_WHAT YOU ARE ASKED TO DO_: Give the listing again character for character, but drop the images.

_GIVEN MATERIAL_:
==========

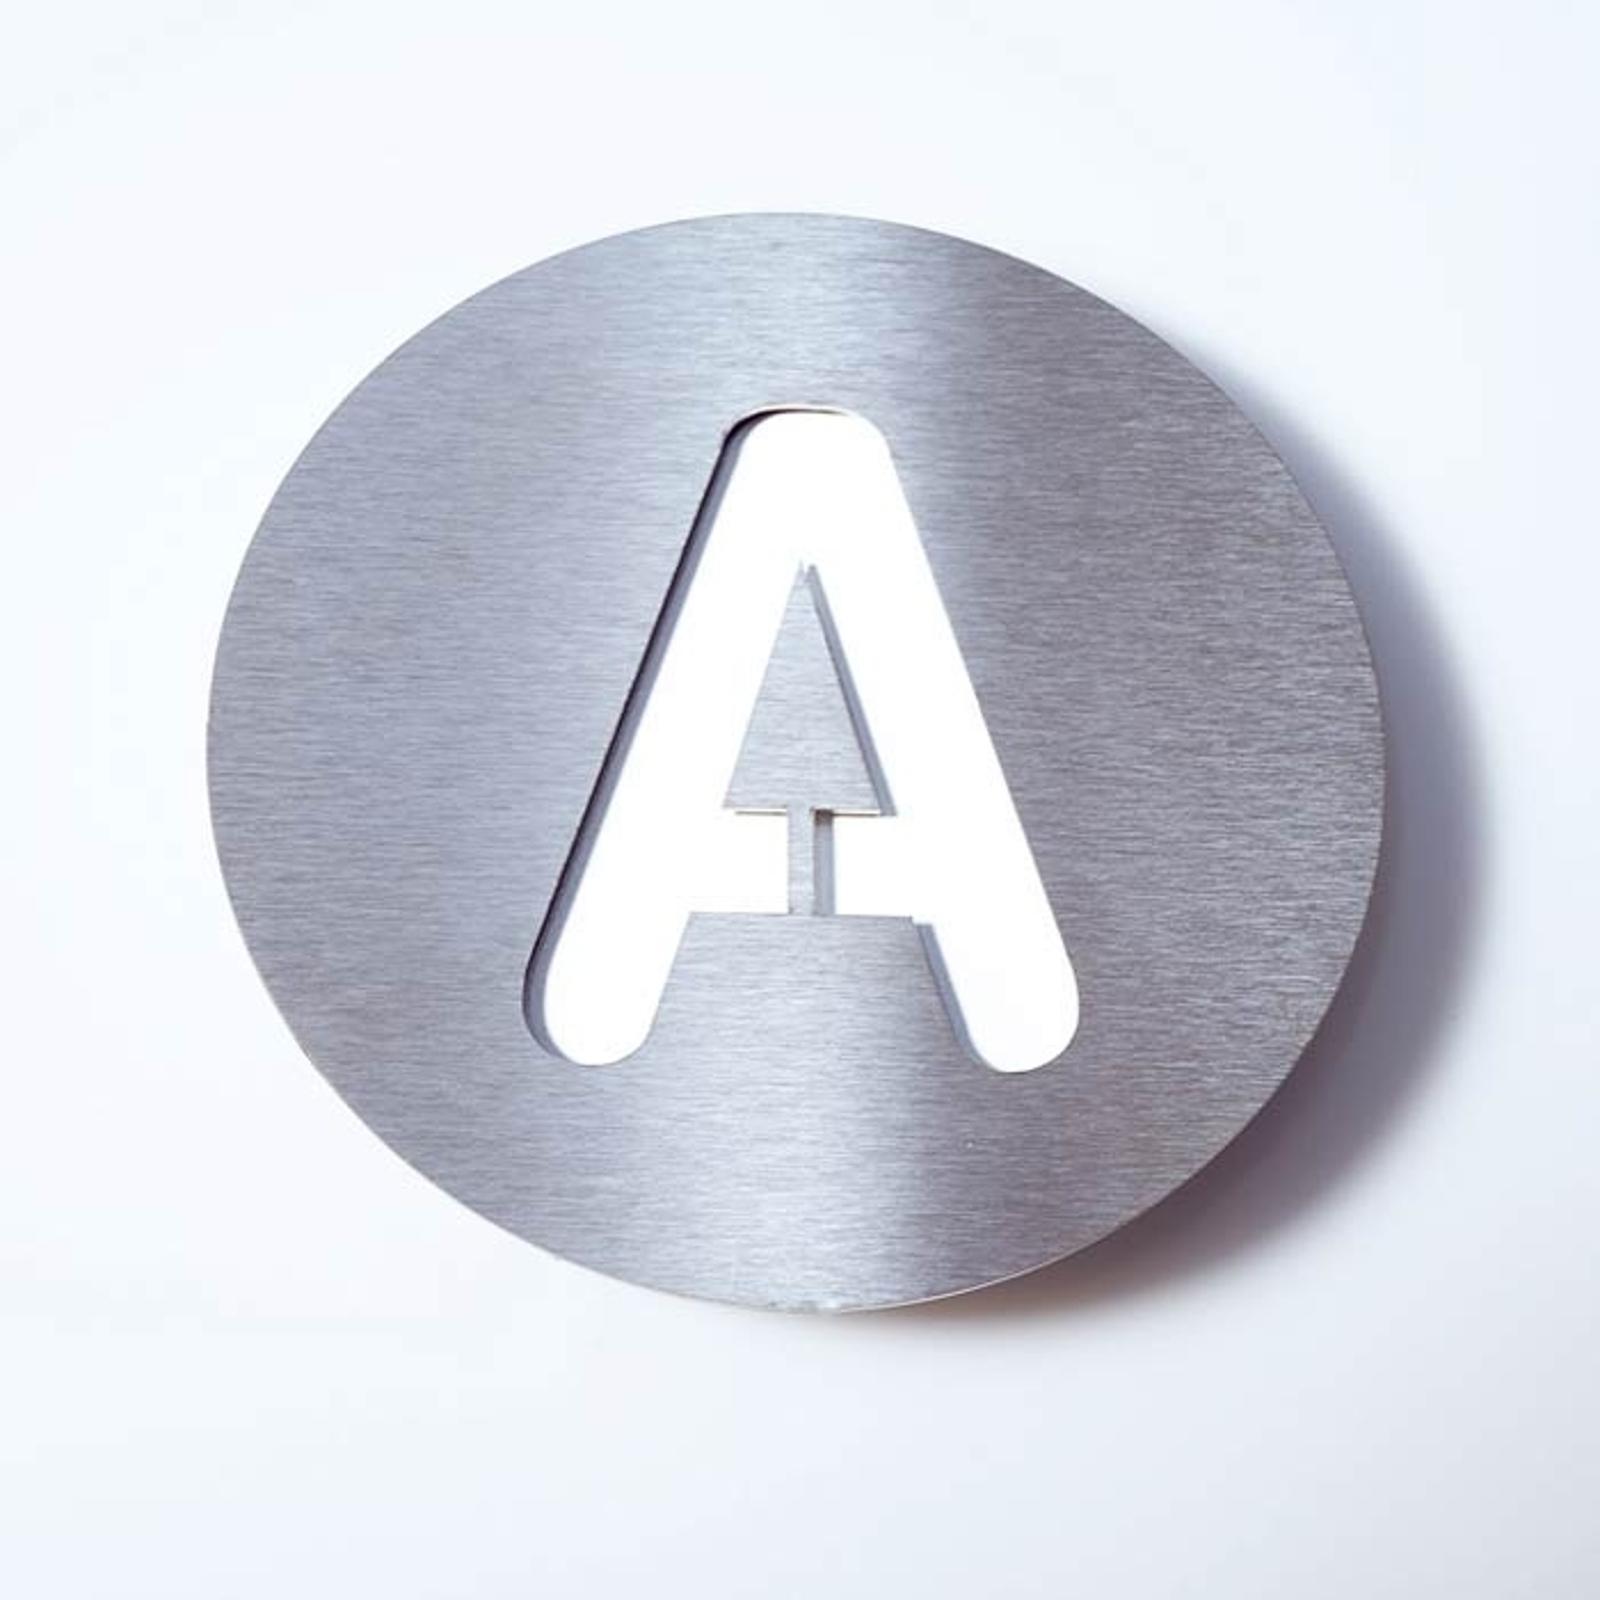 Rostfri-husnummer Round - A
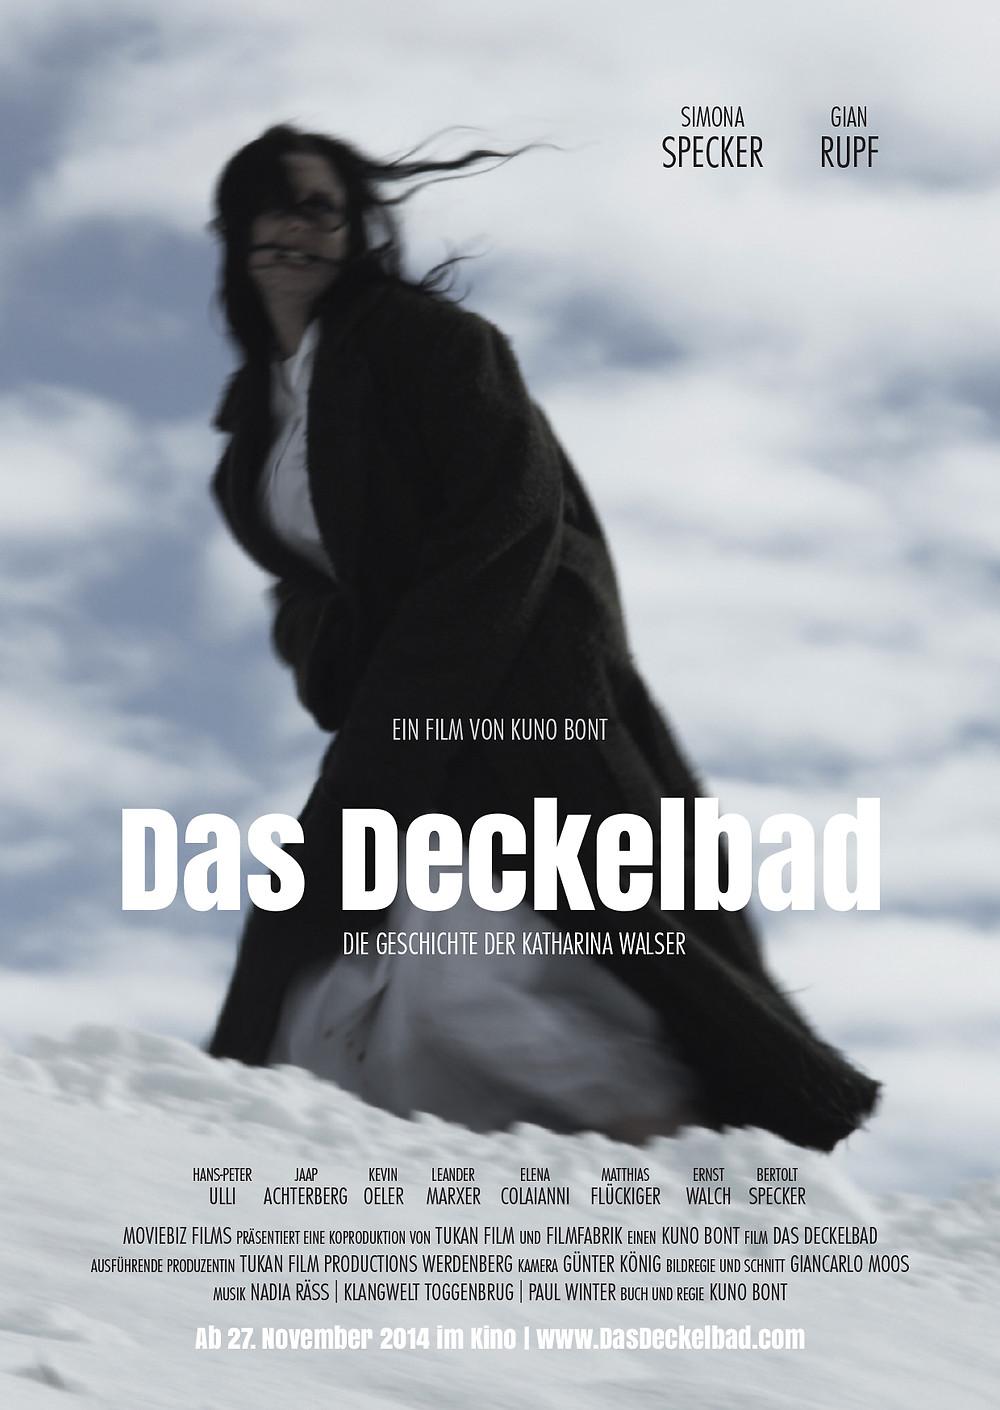 Postkarte Deckelbad A6-1.jpg
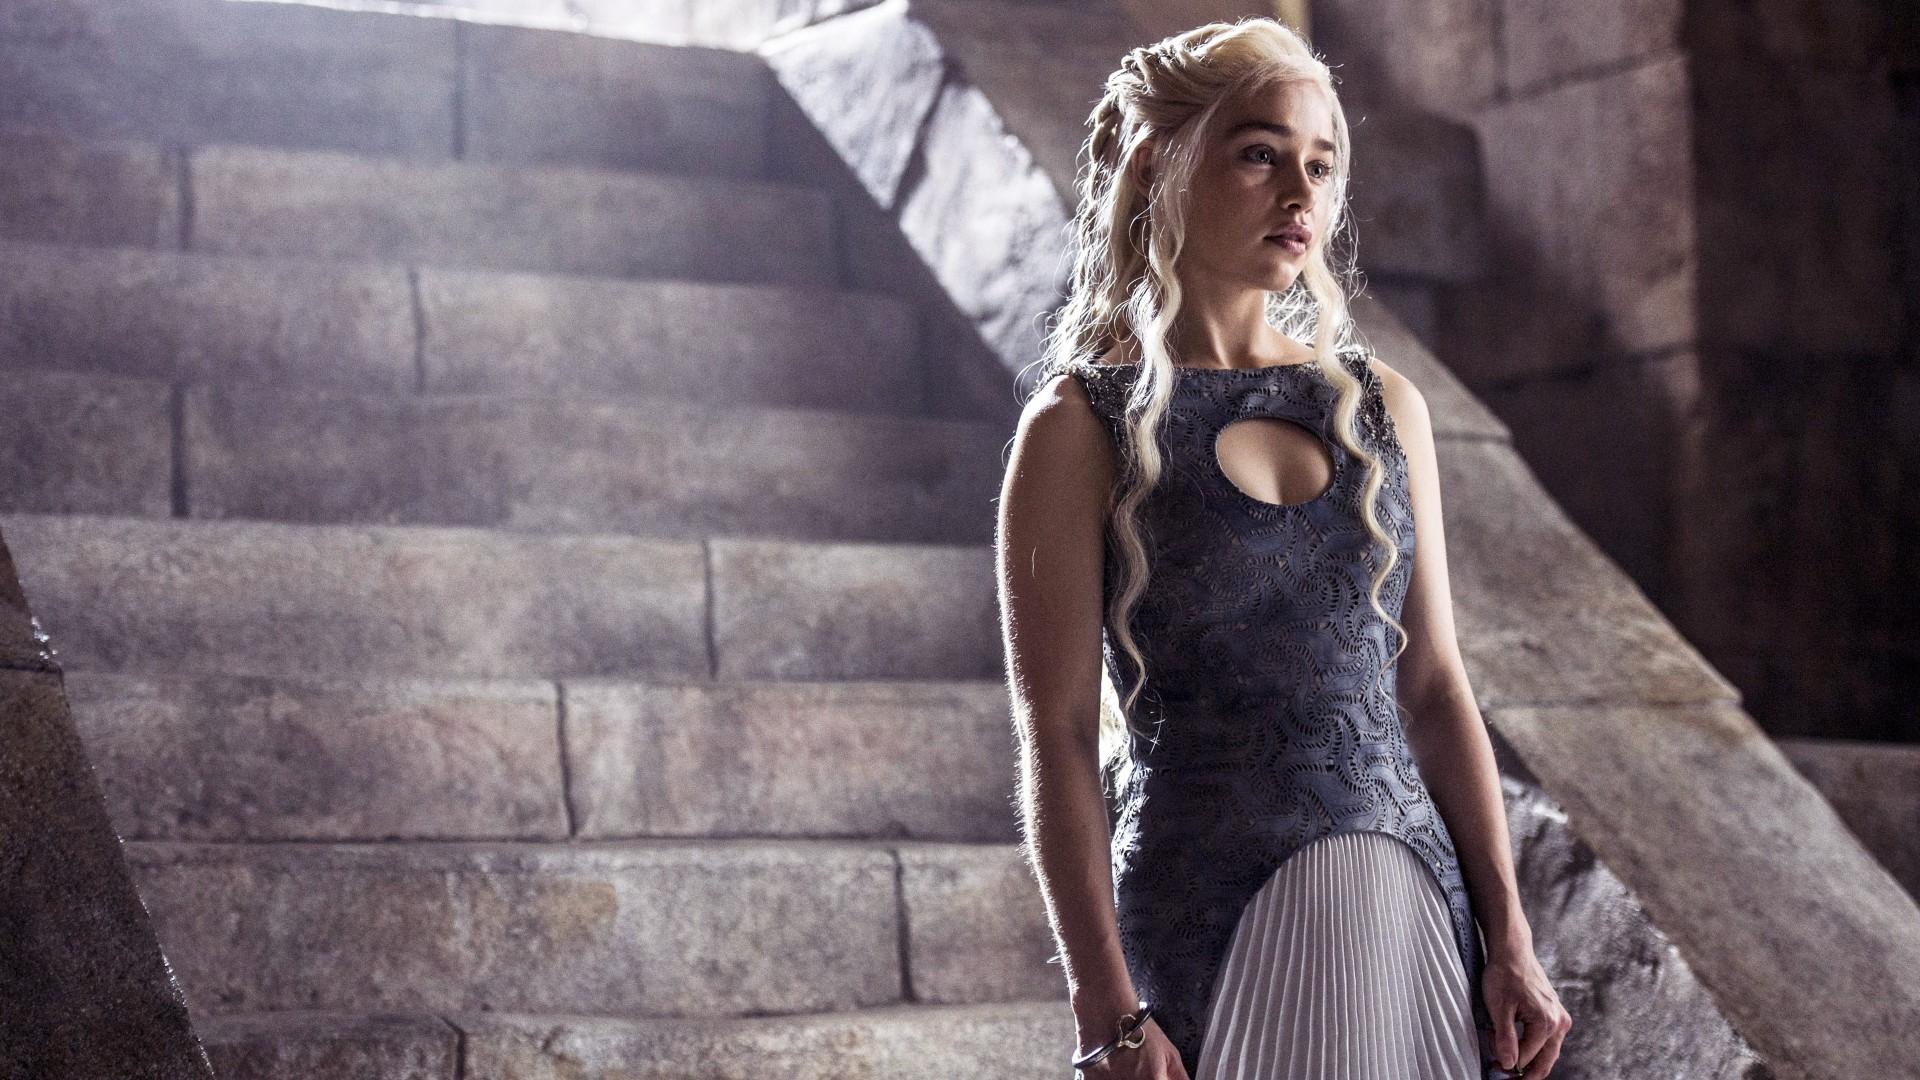 Wallpaper Emilia Clarke, Daenerys Targaryen, Game of Thrones, 4K, TV  Series, #344

==========

_RESPONSE BELOW_:
 Rostfri-husnummer Round - A
 Postkarte Deckelbad A6-1.jpg
 Wallpaper Emilia Clarke, Daenerys Targaryen, Game of Thrones, 4K, TV  Series, #344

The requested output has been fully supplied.